Description of Study Protocol:
Recruitment
- The data are from the Conselice Study of Brain Ageing (CSBA), a population-based study of elderly Italian persons that aimed to investigate epidemiology and risk factors for cognitive impairment
- In 1999 and 2000, 1,016 (75%) of the 1,353 persons over age 65 years residing in the Italian municipality of Conselice participated in the study, with follow-up assessment in 2003 and 2004
- Recruitment methods not described.
Design
Prospective cohort study
Blinding used
Not applicable
Intervention
Not applicable
Statistical Analysis
- Variables are presented as means ± standard deviations for continuous variables or as number and percentage for categorical variables
- Differences among participants stratified by baseline cognitive status and those among cognitively normal subjects stratified into three groups according to their MMSE score were evaluated by analysis of variance or the chi-square test
- Correlations between selected continuous variables were studied by using Pearson correlation coefficient
- Logistic regression was using to estimate odds ratios and 95% confidence intervals for cognitive status at baseline across tertiles of plasma tocopherols and their derivatives
- Cox proportional hazards regression was used to estimate hazard ratios and 95% confidence intervals for incident dementia across plasma concentrations of tocopherols and their derivatives
- P value for linear trend was calculated for both logistic and Cox models to verify whether there was a linear dose-related association between risk of mild cognitive impairment or dementia and tertiles of vitamin E metabolites
- Statistical significance of individual odds ratios and hazard ratios across tertiles was used to detect nonlinear patterns of association.
Data Collection Summary:
Timing of Measurements
- Baseline plasma tocopherols and their oxidation markers were measured in subjects assessed in 1999-2000 for mild cognitive impairment (MCI) and dementia
- In 2003-2004, information about cognitive status was collected for 615 of the 666 subjects without baseline cognitive impairment.
Dependent Variables
- Risk of cognitive impairment identified through cognitive screening and extensive clinical assessment
- Standardized personal interview for collection of data on sociodemographic characteristics, lifestyle, and medical history
- Functional status assessed through basic and instrumental activities of daily living
- Evaluation of depressive symptoms through the Geriatric Depression Scale
- Italian version of the Mini-Mental State Examination
- Standardized medical and neurologic examination
- Routine biochemical blood and urine analysis along with genotyping for APOE ε4 allele
- Mental Deterioration Battery.
Independent Variables
Plasma tocopherols and oxidation markers were analyzed as plasma absolute values divided by serum total cholesterol (since lipids affect their blood availability) after an overnight fast and assessed through standard laboratory methods.
Control Variables
- Age
- Sex
- Education
- APOE genotype
- Smoking habit
- Sedentariness
- BMI
- Mediterranean diet score
- History of cardiovascular disease (i.e. myocardial infarction, angina, peripheral vascular disease and congestive heart failure) and stroke.

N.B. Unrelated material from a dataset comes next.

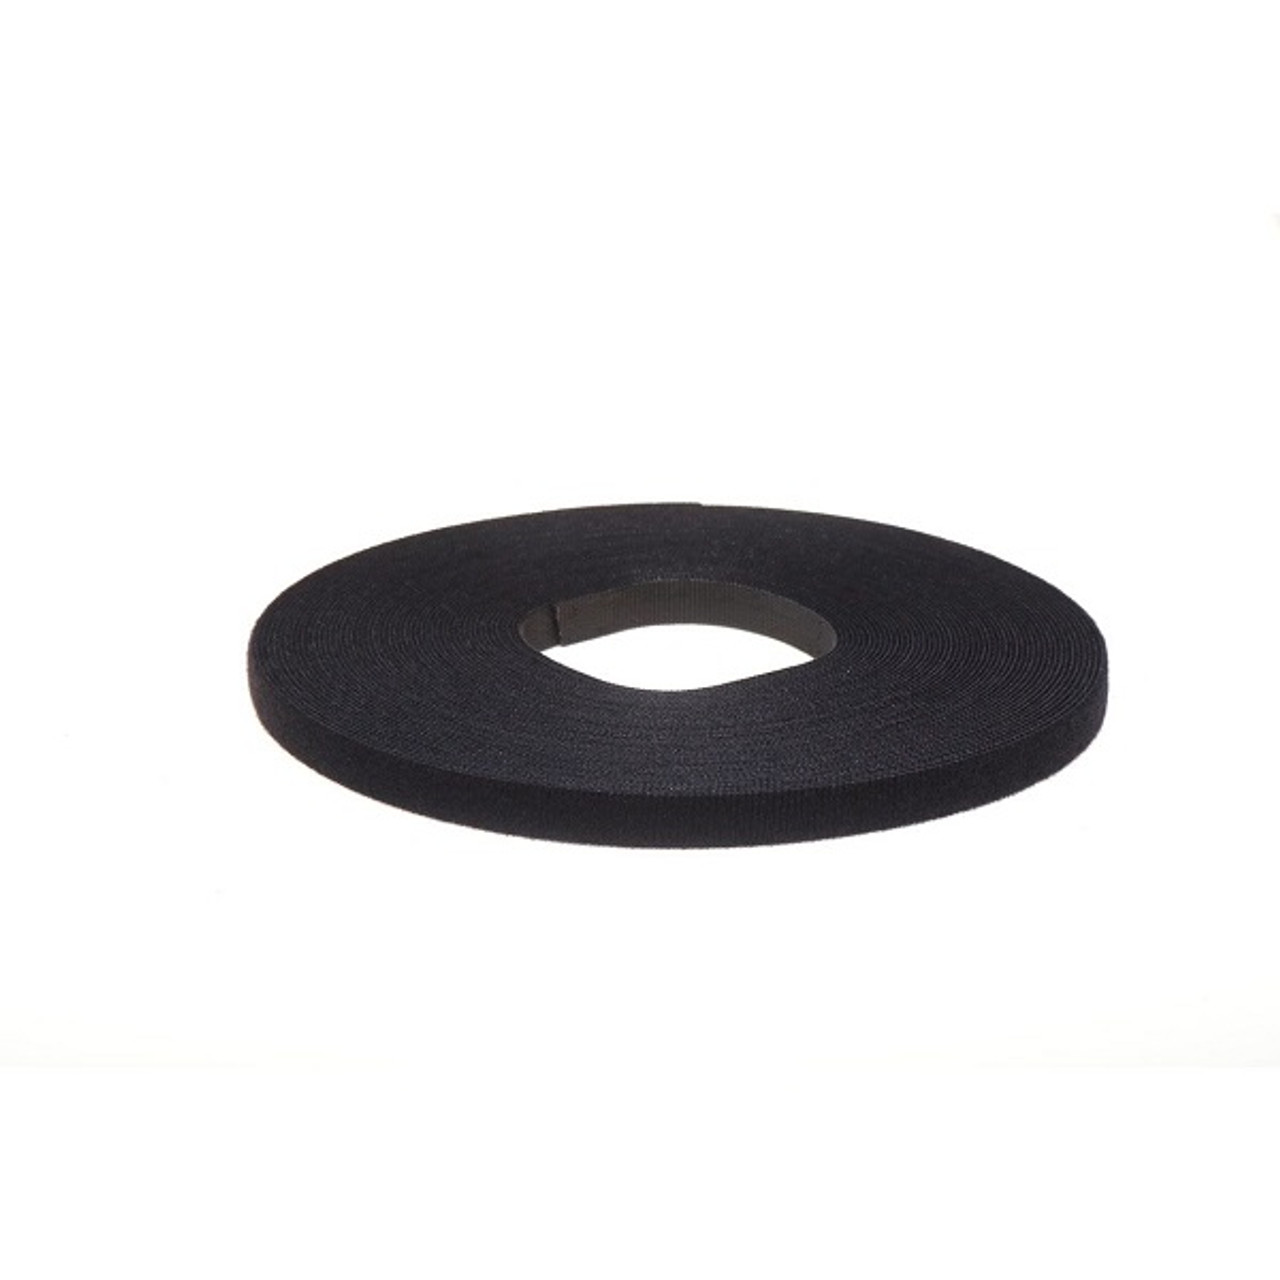 VELCRO® Brand ONE-WRAP® Tape 3/4 x 25 yard roll

Description of Actual Data Sample:
- Initial N: 1,016 elderly subjects in original cohort
- Attrition (final N):
- Of 761 survivors (54.7% women), 666 did not have baseline cognitive impairment
- Cognitive status information collected for 615 elderly subjects in 2003 and 2004
- 152 subjects had died and 103 had refused to undergo the second examination
- Age: Mean age 74.6±6.9 years
- Ethnicity: Not reported
- Other relevant demographics:
- Anthropometrics: Mean BMI 28.4±4.6kg/m2
- Location: Italy.
Summary of Results:
Key Findings
- During an average of 3.8±0.9 years, 73 incident dementia cases occurred in the cohort at risk
- Incident dementia cases were more likely to be older (P<0.001), female (P=0.009), less educated (P<0.001) and sedentary (P=0.033) and to have lower MMSE and Mediterranean diet scores
- Compared with the corresponding lowest tertile, the risk of prevalent dementia was higher for the highest tertile of δ-tocopherol divided by cholesterol (odds ratio=3.87, 95% confidence interval: 1.46, 10.27) and α-tocopherol divided by cholesterol (odds ratio=4.02, 95% confidence interval: 1.45, 11.14), but the risk of incident dementia was not directly associated with plasma vitamin E metabolites.
- A U-shaped association, with lower risk for intermediate tertiles, was found for prevalent mild cognitive impairment with 5NGT divided by cholesterol, (odds ratio=0.39, 95% confidence interval: 0.17, 0.91) and for incident dementia with gamma-tocopherol divided by cholesterol (hazard ratio=0.42, 95% confidence interval: 0.22, 0.84)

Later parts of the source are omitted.